Oh, and that’s if I can even play twice a year. What if Gen Con sells out slots I can play in because I’m busy with Heroes of Rokugan or screw up registering for events in the first second they open or am too lazy to wait list on a run or look for refunded tickets on my phone?
Since Gen Con, the thing I’ve been thinking of the most gamingwise is TD. Yikes!
Variance of information is huge even though the economy is mature enough that killer eBay deals don’t seem all that common.
Lot of the forum threads are meaningless to me as I don’t debate whether latest ultrarare is BiS (I assume this means best in slot). That so many spend so much time arguing that something new won’t see play because it’s not as good as something else is … … … you know, kind of like a lot of arguments about CCG cards, so, as crazy as I think it is to constantly run down some ultrarare that a lot of people would love to own (without sinking $150 into owning it), I guess it is rational to worry about the “tournament” level of the game.

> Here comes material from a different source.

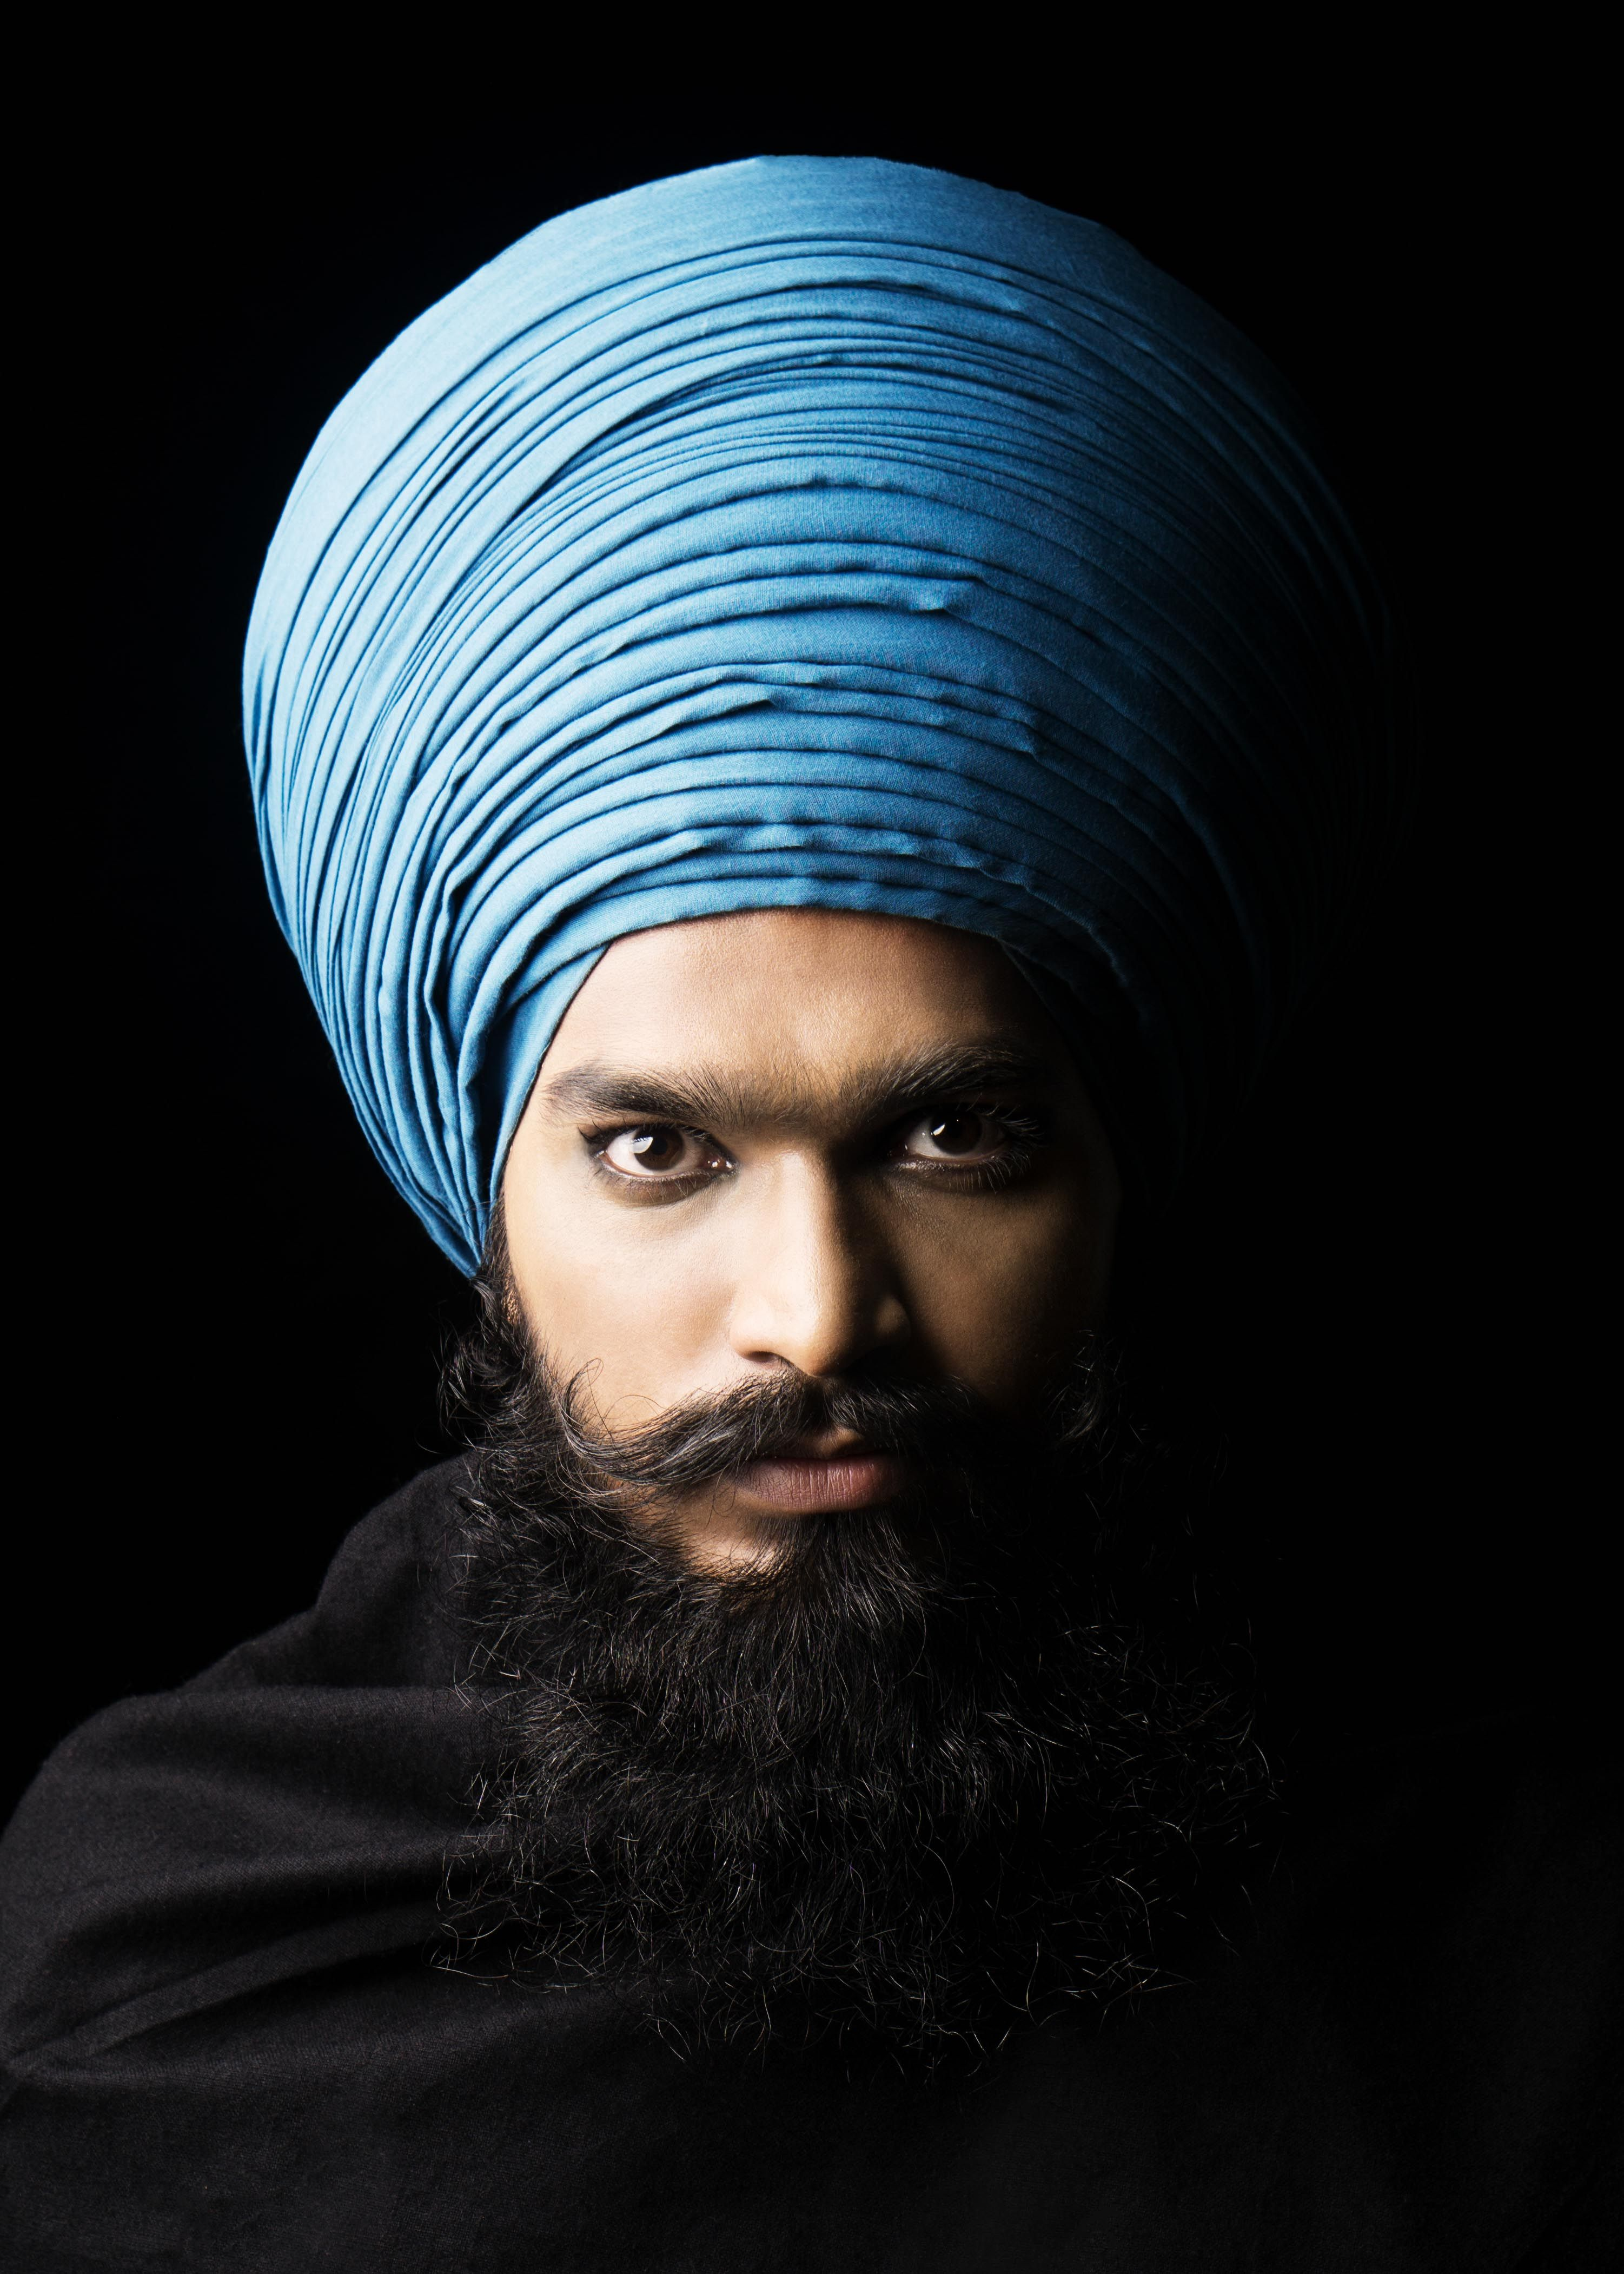 sikh turban style에 대한 이미지 검색결과

Would I go to the other two cons to play? That’s hard. After Gen Con, I currently rate Origins as the other US con I’d fly to. There’s a reason HoR is far less meaningful to me than a bunch of people in the middle of the country.
I talked about things related to it, but I wonder if a middle class of TD actually exists. Oh, I’m sure there are other people at my level. I just don’t know that it’s a significant enough part of the population to matter. Seems like TD lives off of a not tiny group who sink thousands into the game and a bunch of people who barely have any sort of collection who just want to play a different sort of game.
Well, I’m sure I’ll have more to talk about later. Hopefully, get those two runs in next Gen Con without screwing up my RPG schedule.